(Minghui.org) Majalah Nature baru-baru ini menerbitkan daftar sepuluh ilmuwan paling berpengaruh tahun ini. Salah satunya adalah Profesor Wendy Rogers dari Clinical Ethics di Macquarie University of Australia.

Profesor Rogers mulai memperhatikan etika transplantasi pada tahun 2015 setelah menonton film dokumenter Hard to Believe. Tahun berikutnya, ia menjadi ketua organisasi nirlaba Koalisi Internasional untuk End Transplant Abuse in China (ETAC).

Dia memimpin tim untuk meninjau makalah penelitian yang diterbitkan oleh dokter transplantasi Tiongkok. Dia percaya temuan tim, yang diterbitkan pada bulan Februari 2019, akan mengekang transplantasi organ paksa di Tiongkok.

Nature mengutip bahwa sekelompok pakar internasional telah menarik kesimpulan yang sama dengan Profesor Rogers. Kelompok itu, yang dipimpin oleh Sir Geoffrey Nice, seorang pengacara yang berpengalaman dalam menuntut para penjahat perang, menerbitkan sebuah makalah yang mempertanyakan jumlah transplantasi yang dilaporkan oleh rezim komunis Tiongkok dan menyimpulkan bahwa lebih banyak tahanan hati nurani yang organ-organ vital mereka diambil secara paksa dan bahwa kejahatan tersebut sedang berlangsung.

Di bawah mantan ketua Partai Jiang Zemin, Partai Komunis Tiongkok (PKT) meluncurkan penganiayaan nasional terhadap Falun Gong pada bulan Juli 1999. Partai Komunis Tiongkok mendirikan Kantor 610, sebuah lembaga di luar kerangka hukum yang satu-satunya fungsi adalah untuk memberantas Falun Gong, di bawah arahan untuk “merusak reputasi [praktisi], bangkrutkan secara finansial, dan hancurkan fisiknya.”

Sejak itu, lebih dari 4.300 praktisi dipastikan telah meninggal akibat langsung dari penganiayaan, dan jumlah yang tidak terhitung dipenjara, disiksa, menjadi sasaran cuci otak dan kerja paksa, dan bahkan organ mereka diambil dan dijual untuk transplantasi.

Rezim komunis menggunakan semua agen negara untuk menganiaya Falun Gong dan menerapkan kebijakan "[menghitung] semua kematian praktisi Falun Gong sebagai bunuh diri" dan "untuk mengkremasi tubuh mereka tanpa mendokumentasikan identitas mereka."
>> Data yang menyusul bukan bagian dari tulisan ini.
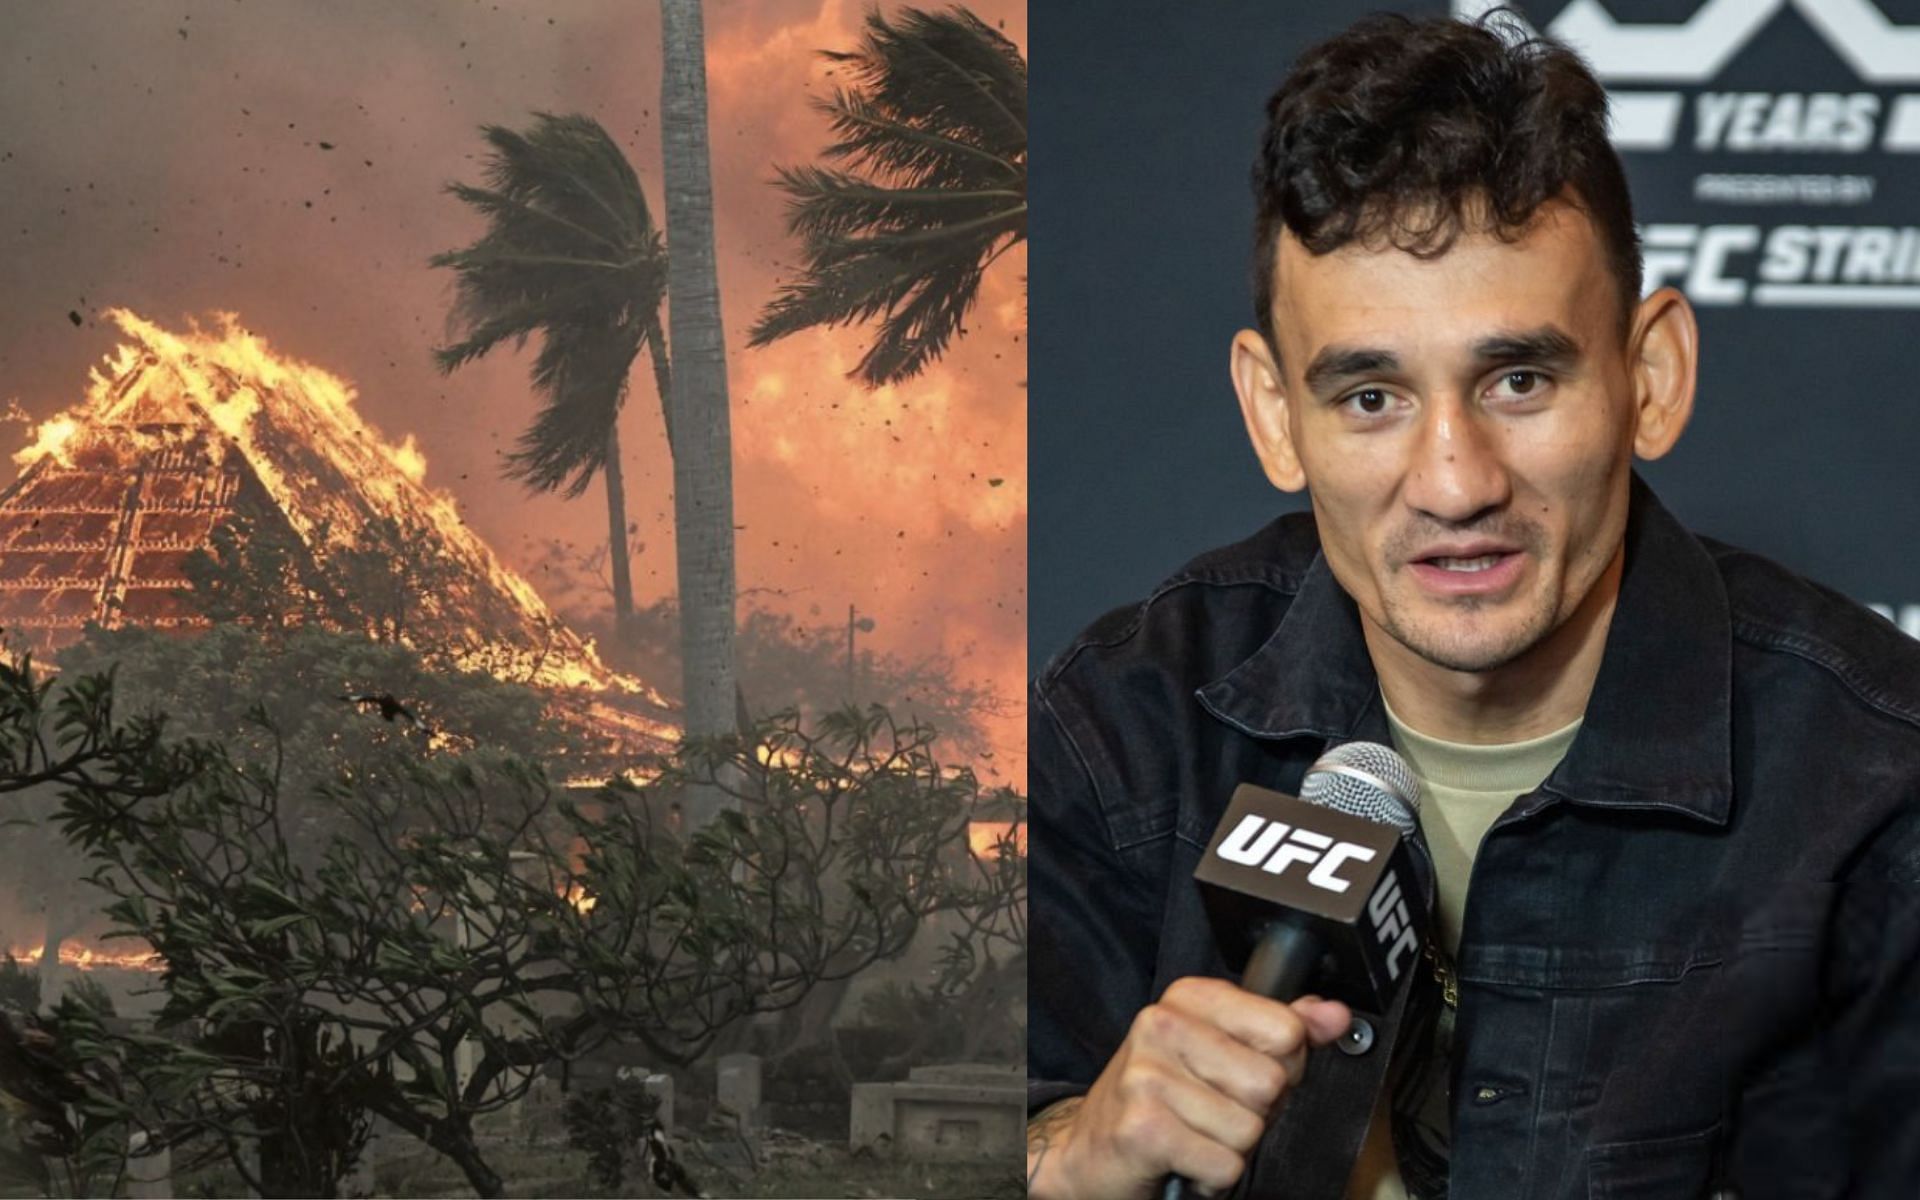 Lahaina fires (left) and Max Holloway (right) [Images Courtesy: @lahainastrong2023 on Instagram and @GettyImages]

Banyak praktisi yang dipenjara sering menjalani tes darah dan tes fisik lainnya di penjara dan kamp kerja paksa. Pada saat yang sama, sejumlah besar praktisi menghilang.

Rezim Komunis selalu membantah mengambil organ dari tahanan hati nurani dan mengklaim telah membentuk sistem donor organ. Namun, majalah Forbes mengutip sebuah artikel dari BMC Medical Ethics yang diterbitkan pada tanggal 16 November 2019, bahwa rezim komunis dengan saksama membuat data palsu dalam the China Organ Transplant Response System (COTRS) untuk menutupi pembunuhan massal.
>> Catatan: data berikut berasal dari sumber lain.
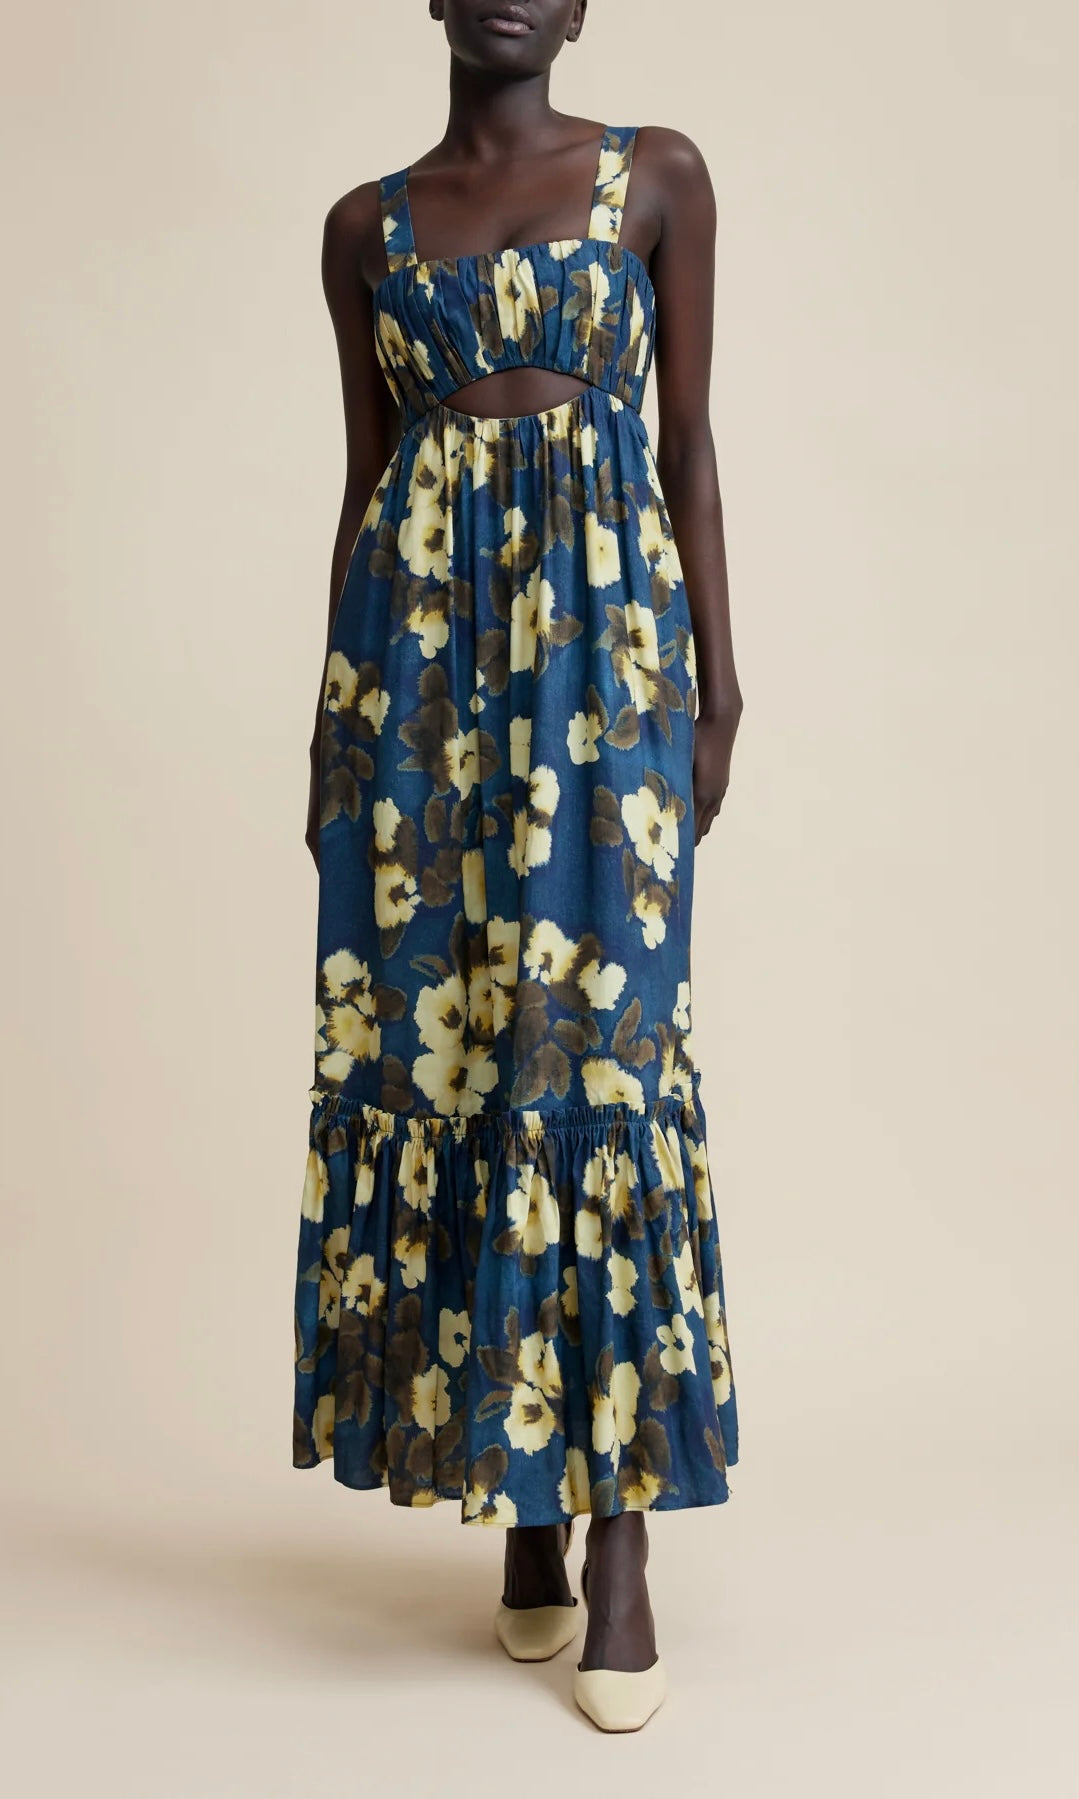 Acler Luddenham Dress In Floral Posy Print

Semua makalah ini sampai pada kesimpulan yang sama.

Pers internasional pertama kali melaporkan kejahatan pengambilan organ yang direstui negara Tiongkok pada awal bulan Maret 2006. Menurut laporan, lebih dari 36 kamp konsentrasi, termasuk Sujiatun, secara paksa mengambil organ dari praktisi Falun Gong yang masih hidup.

Pada bulan Februari 2012, mantan kepala polisi Kota Chongqing Wang Lijun meminta suaka di Konsulat A.S. di Chongqing. Dia menyerahkan beberapa dokumen, termasuk kemungkinan bukti kejahatan pengambilan organ, kepada pemerintah A.S.
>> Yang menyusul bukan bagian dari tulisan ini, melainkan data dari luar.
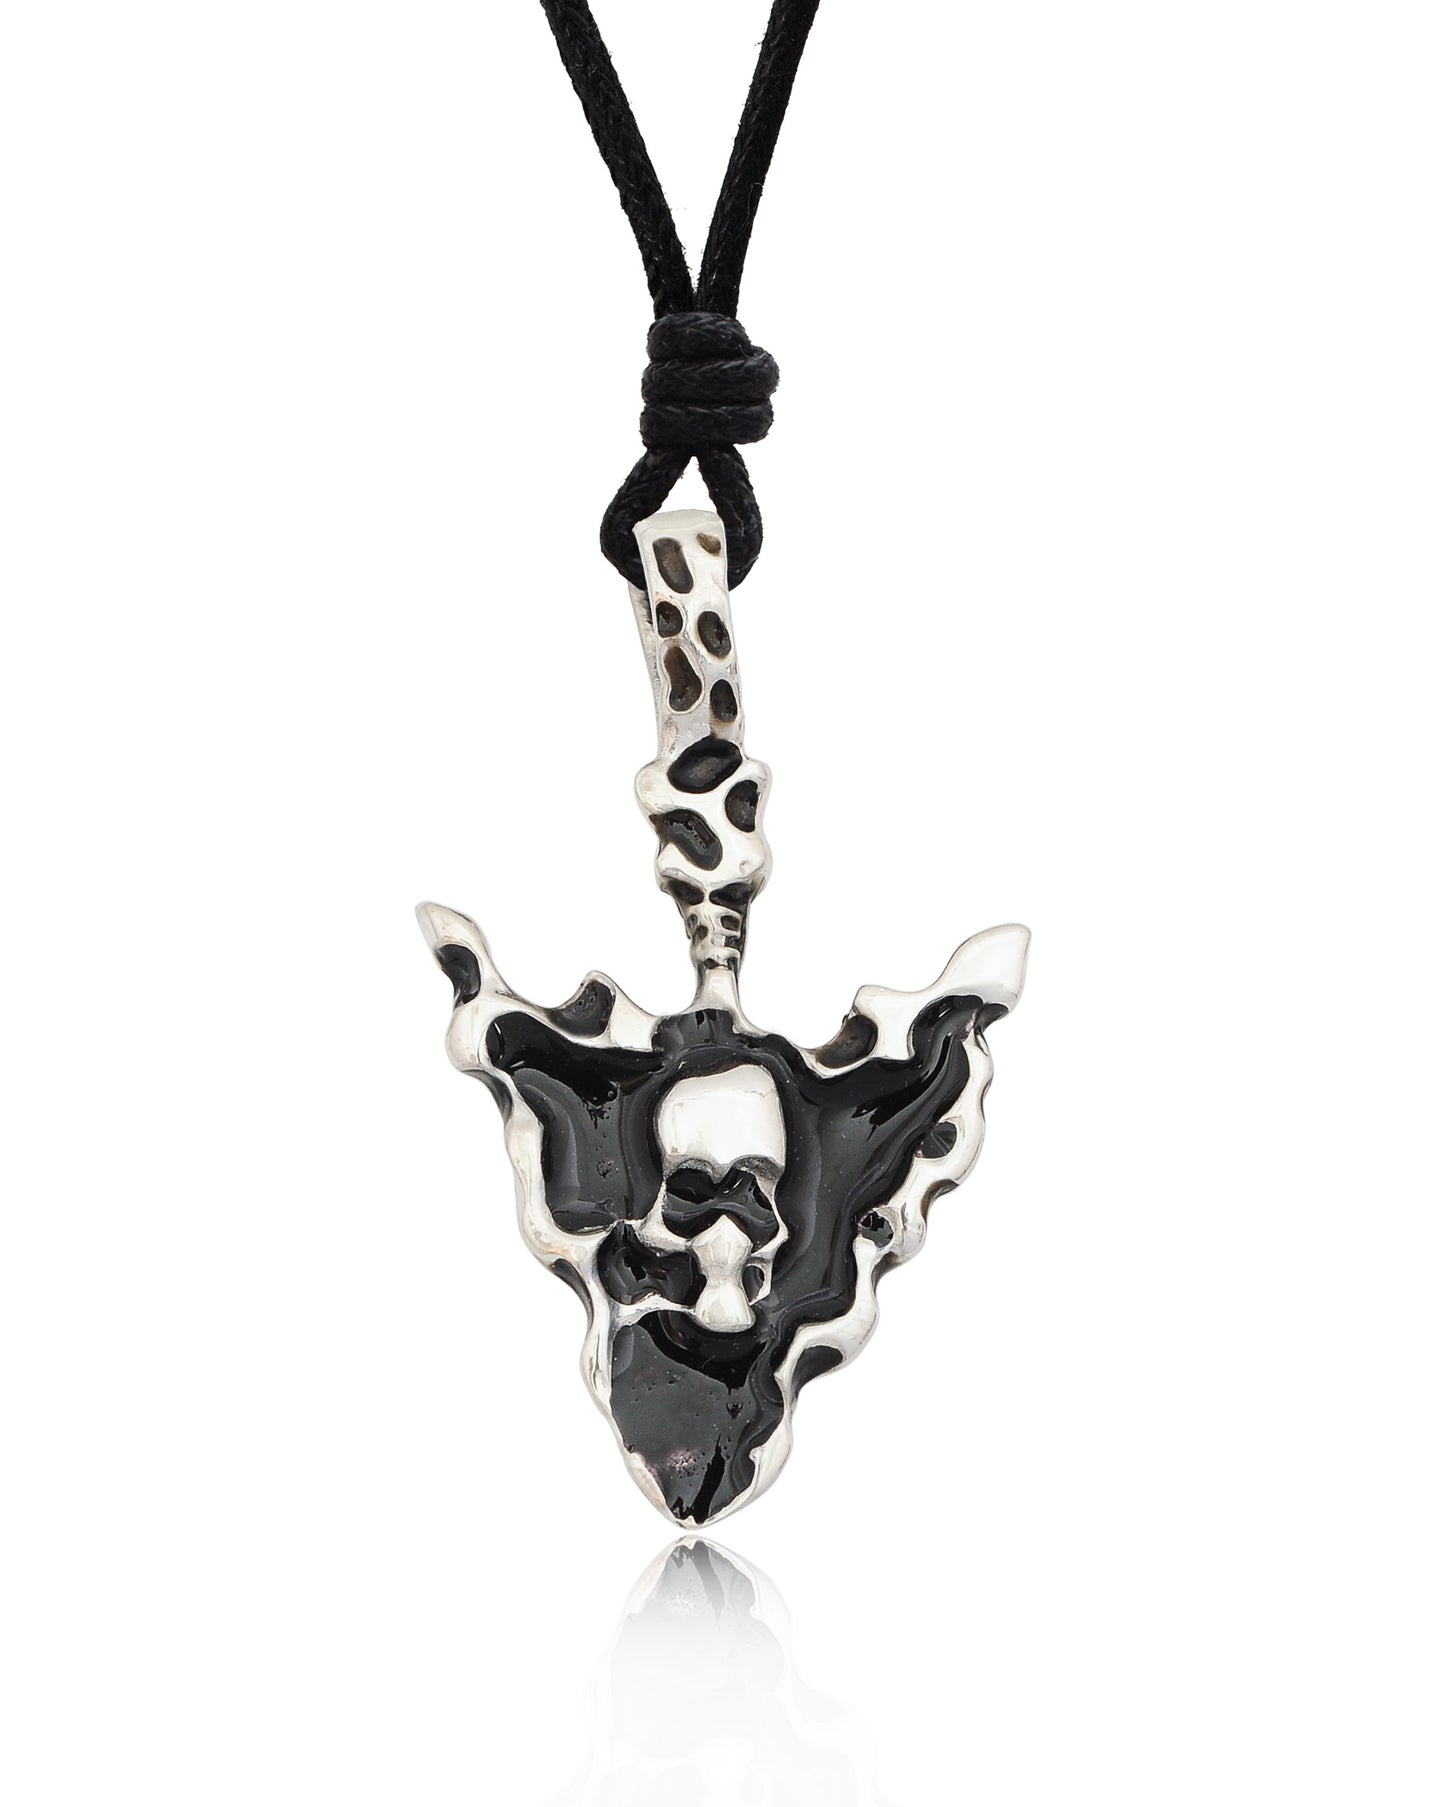 Indian Arrow Head Skull Silver Pewter Charm Necklace Pendant Jewelry

Pengacara hak asasi manusia Kanada David Matas menyebut pengambilan organ secara paksa sebagai "kejahatan yang belum pernah terjadi sebelumnya di planet ini." Anggota Parlemen Kanada Borys Wrzesnewskyj juga menggambarkannya sebagai "kejahatan paling gelap di zaman ini."

Selain mengecam rezim Tiongkok, beberapa negara telah menetapkan undang-undang untuk mencegah warganya menerima transplantasi organ ilegal di Tiongkok, termasuk Israel, Spanyol, Italia, Norwegia, Belgia, dan Taiwan.